By Lisa Rosenlund,
Saint Brendan Parish Manager
Each week, we summarize a specific style, form, or approach to prayer, using the highly-acclaimed book by Robert J. Wicks, Prayer in the Catholic Tradition: A Handbook of Practical Approaches (Franciscan Media 2006). In this article, you’ll learn more about prayer in the tradition of Brother Lawrence of the Resurrection.
One of my favorite cookbooks is From a Monastery Kitchen by Brother Victor-Antoine d’Avila-Latourrette, a modern-day version of Brother Lawrence of the Resurrection. Brother Victor’s cookbooks contain inspirational quotes from Brother Lawrence and others, which I ponder while making things like “Saint Scholastica Soup.” Unwittingly, I have been praying in the tradition of Brother Lawrence!

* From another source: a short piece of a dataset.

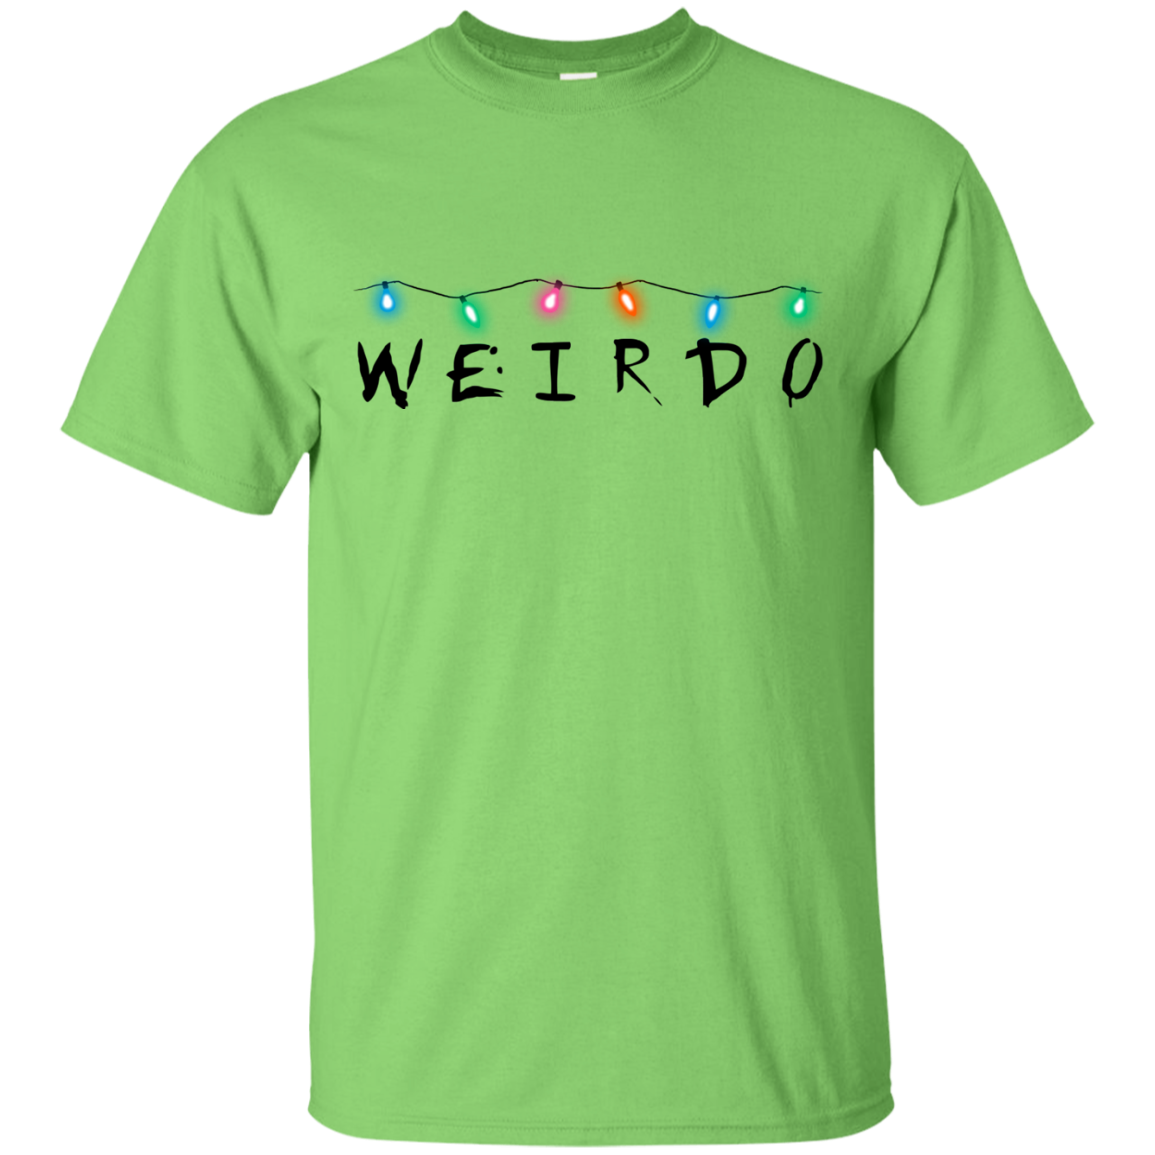 Weirdo T-Shirt – Pop Up Tee

Brother Lawrence was born Nicholas Herman around 1614 and was raised by working-class parents in modern-day eastern France. He developed what we would now call post-traumatic stress syndrome after enlisting as a soldier in the brutal Thirty Year’s War between Catholics and Protestants in Germany. He also sustained a serious physical injury which left him with a limp and caused him to be discharged from his regiment.

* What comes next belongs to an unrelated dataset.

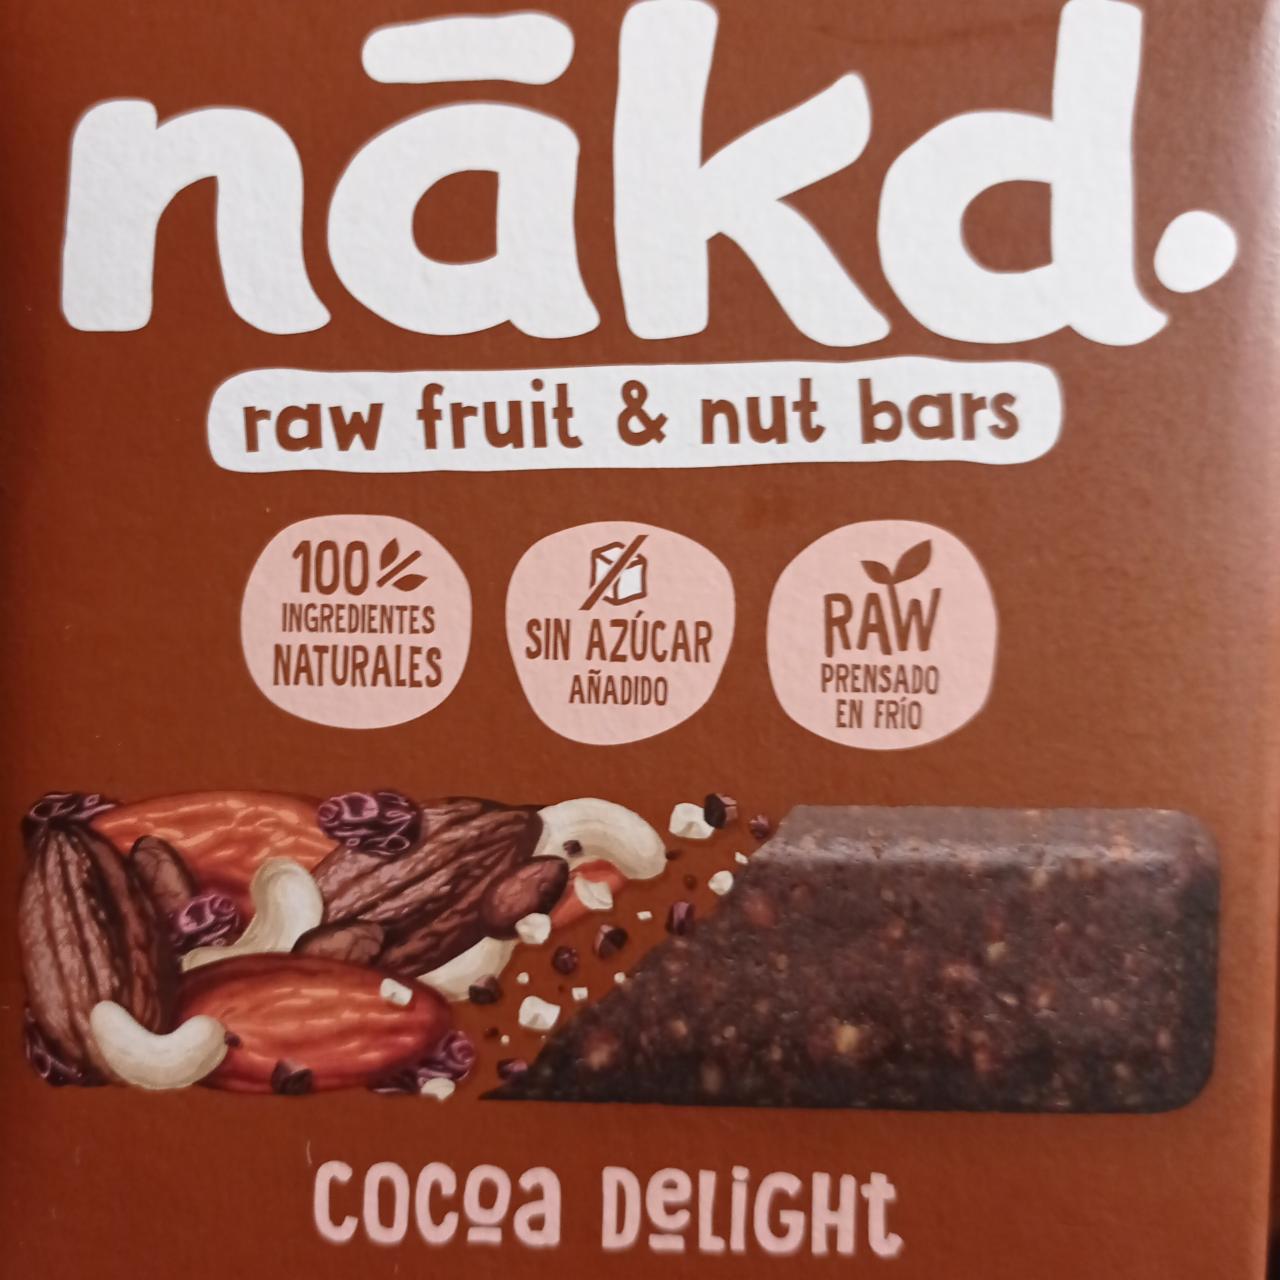 Фото - Батончики фруктово-ореховые из какао 100% натуральные без добавления сахара Cocoa Delight Nakd

While we have no way of knowing whether Nicholas actively participated in the killing, looting and pillaging or just witnessed it, we do know that he became obsessed with a quest for redemption. After failed careers as a hermit and a footman, at age twenty-six Nicholas followed in his uncle’s footsteps and became a Discalced Carmelite brother in Paris. He took the religious name of Brother Lawrence of the Resurrection and remained there fifty years working mostly as a cook.

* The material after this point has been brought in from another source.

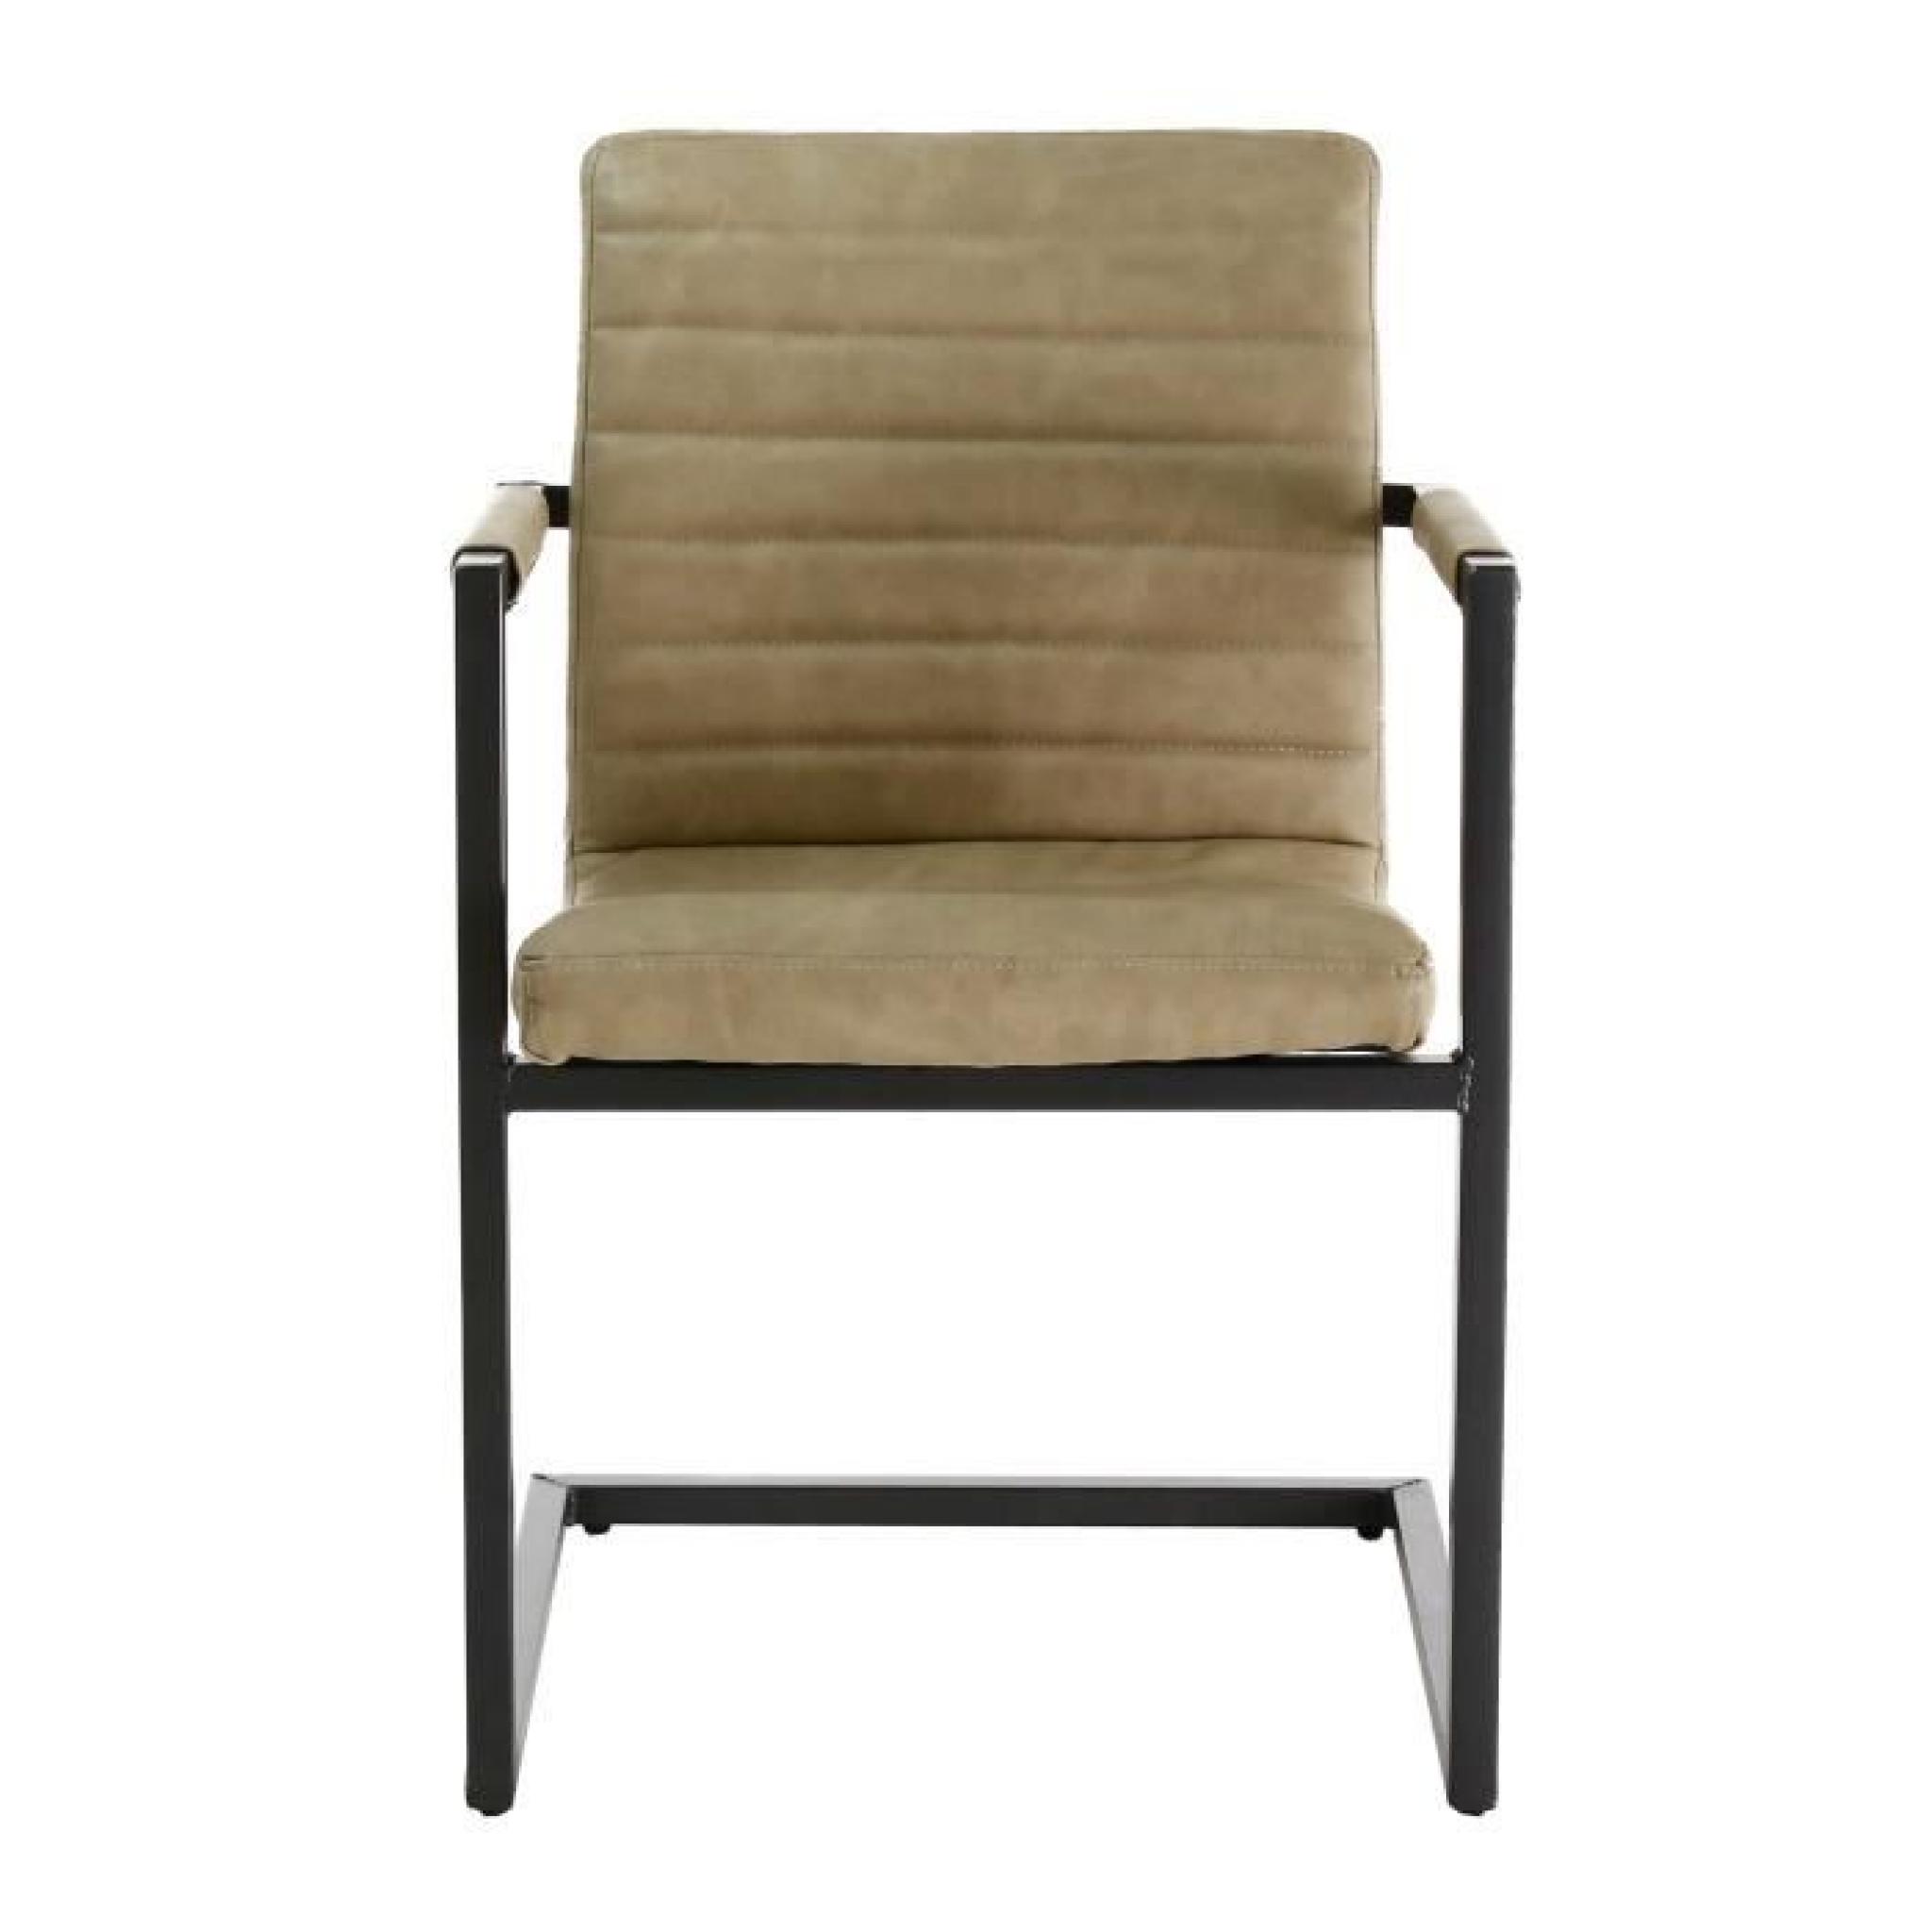 2x Chaise vintage métal avec accoudoirs beige Sitzen

Brother Lawrence’s first ten years in the monastery were difficult. He continued to feel that he had no hope of salvation and prayed frequently in a private nook near his pantry. There he kept a small picture of Jesus which reminded him that he was not the only one who suffered. Gradually, Brother Lawrence discovered that he did not need to go to the nook, but was able to pray at all times, even if it was simply repeating the Lord’s Prayer while he worked.
Using his “methodless method,” Brother Lawrence carried on a running exchange with God as he peeled potatoes, seasoned soup, scrubbed kettles, etc. He made his tasks an integral part of his prayer life and is quoted as saying, “. . . in the noise and clatter of my kitchen, while several persons are at the same time calling for different things, I possess God in as great a tranquility as if I were upon my knees at the blessed sacrament.” (364)
Brother Lawrence’s kitchen became a chapel of sorts where cart drivers, grocers, or fishmongers could hear practical advice on how God cared for them. A priest friend was able to capture Brother Lawrence’s clear, no-nonsense way of speaking in notes he took of their conversations. These notes were published as a small book called The Practice of the Presence of God, which is still so popular that there are fourteen different versions on Amazon!
A few weeks ago, the book was recommended by Dr. Greer Gordon at the Religious Education Congress. According to Dr. Gordon, we should “strive to remain in the gaze of God” and Brother Lawrence’s style of prayer is a simple and effective way to do that.